Studies in the past have shown that HJURP genes play a role during malignant progression. This gene could be used to detect tumors. The protein is involved the the deposition CENPA at the centromere. Also, it is implicated for sensitivity to cisplatin during ovarian and cervical cancer. This protein could be a new target in combinatory therapy.
The HJURP cellular protein is a protein that is expressed mainly in the cytoplasm. The HJURP protein has been used to detect a variety of cancers, but its clinical application is still limited. In addition to the use of this gene as a tumor detection tool, HJURP can also help to identify other cancers that are closely related to HJURP.
A recent study revealed that HJURP can help detect early signs of various cancers including prostate and breast. The research is ongoing and further studies are needed to determine the effectiveness of this treatment. This research is critical for patients with advanced cancer. The authors recommend that physicians use the HJURP genetic test to diagnose a variety of cancers.

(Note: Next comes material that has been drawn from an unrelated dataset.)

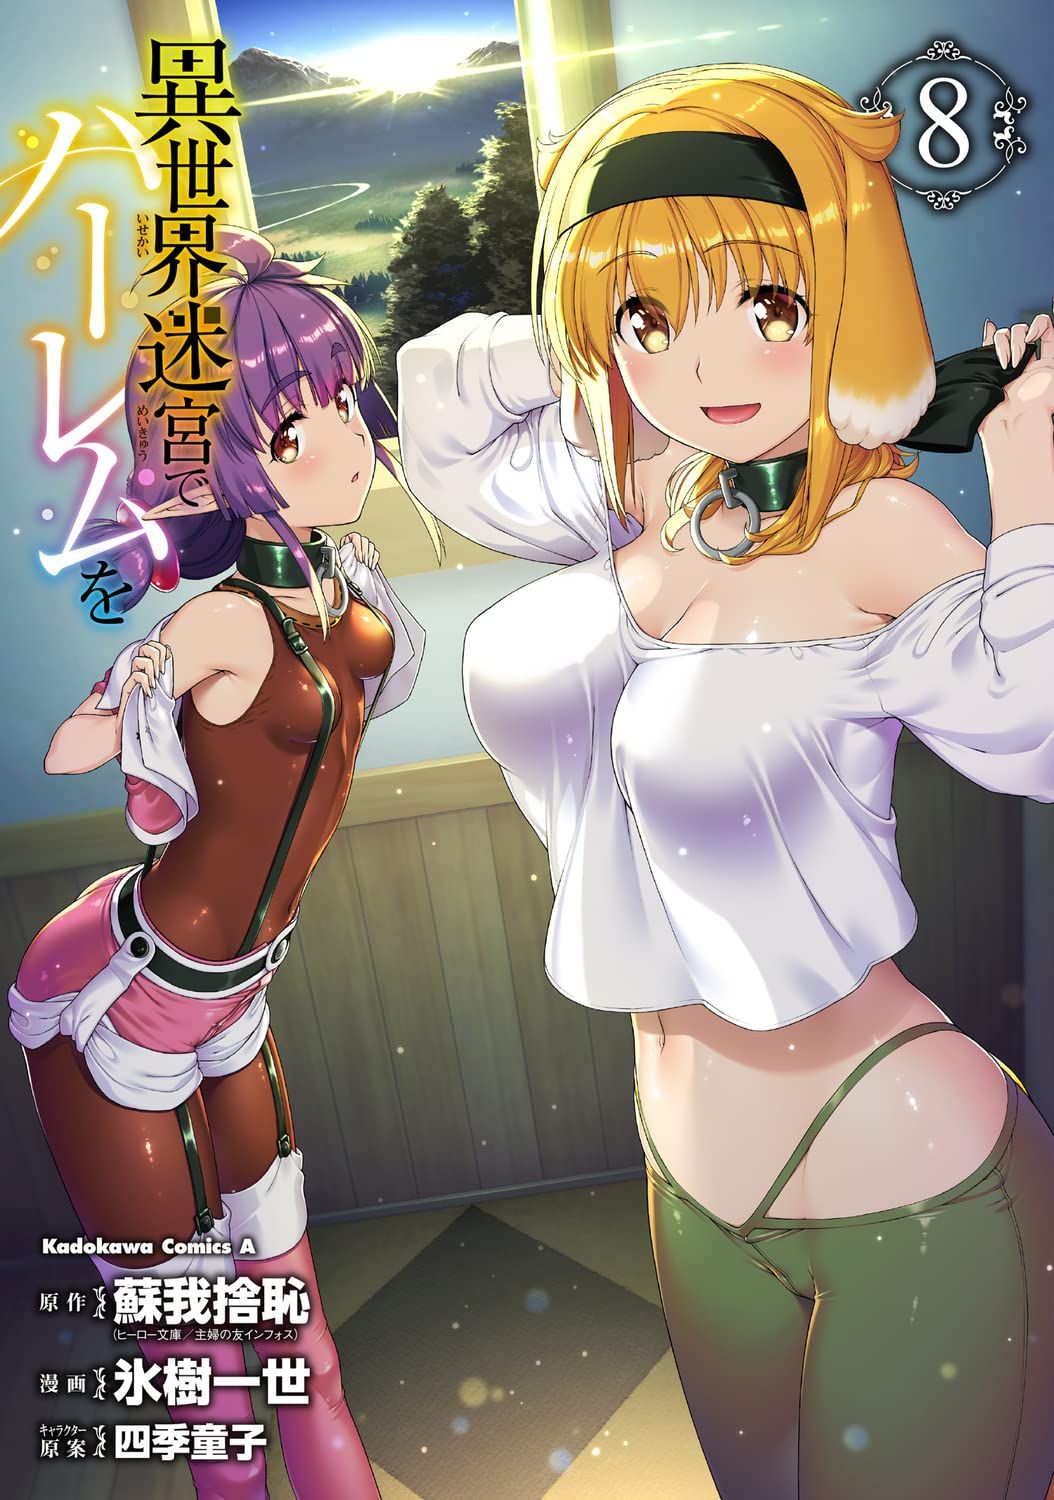 Isekai Meikyuu de Harem wo - Harem in the Labyrinth of Another World - Animes  Online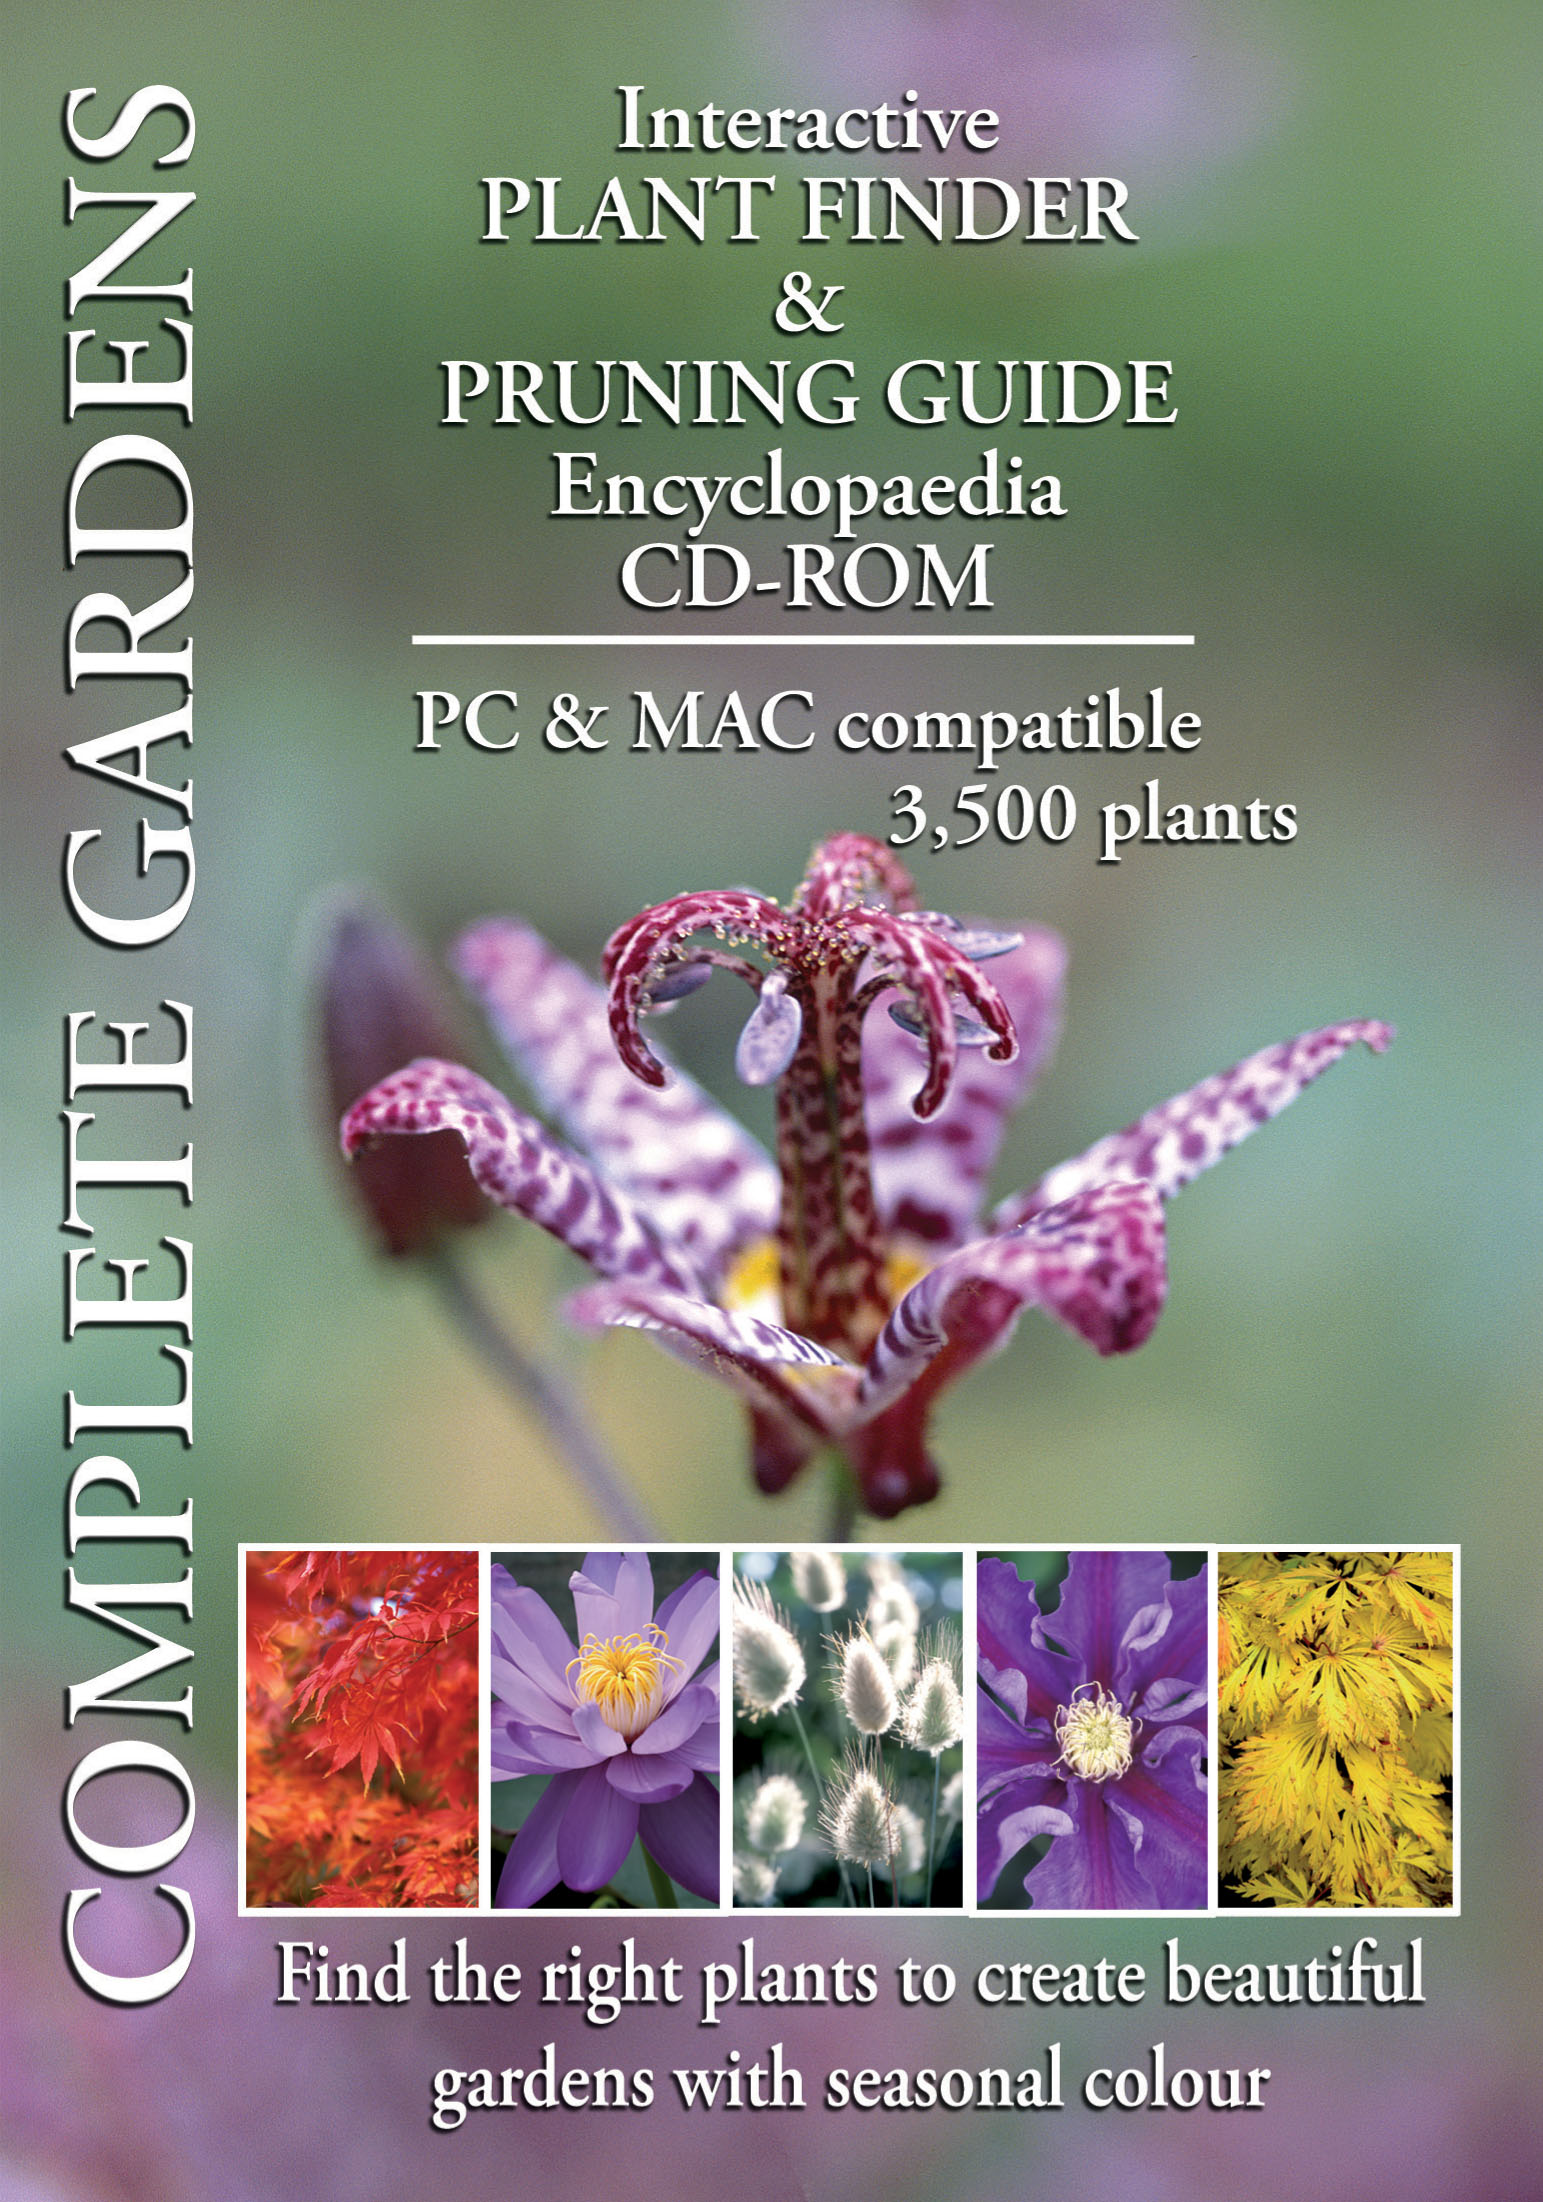 rhs wisley stock the latest complete gardens multi list plant finder

The cytoplasm is home to the HJURP genes. Boster Bio antibodies are highly specific, high-affinity, and have been cited for many years in scientific publications. They are also validated on Western Blotting, Immunohistochemistry, and ELISA. Boster offers a wide range of quality antibodies against HJURP.
Boster Bio HJURP markers are a great tool to help identify genes of interest. HJURP expression is high in the cytoplasmic of human cells. HJURP mediates the incorporation of CENP-A into chromatin in vertebrates. In humans, this protein forms a complex with acetylated histone H4. CENPA is coassembled with HJURP in the centromere to be deposited there.
Drosophila, like other dicots, has monocentric chromosomes. Homologues of the gene were also identified in humans. The CENH3-fused HJURP marker is predominantly expressed in the cytoplasm. It plays a role in transcription, mitosis and DNA synthesis.
PMID: 17823411 by Kato T., et al. Activation of Holliday junction recognizing protein involved in the chromosomal stability and immortality of cancer cells.
PMID: 16622419 by Foltz D.R., et al. The human CENP-A centromeric nucleosome-associated complex.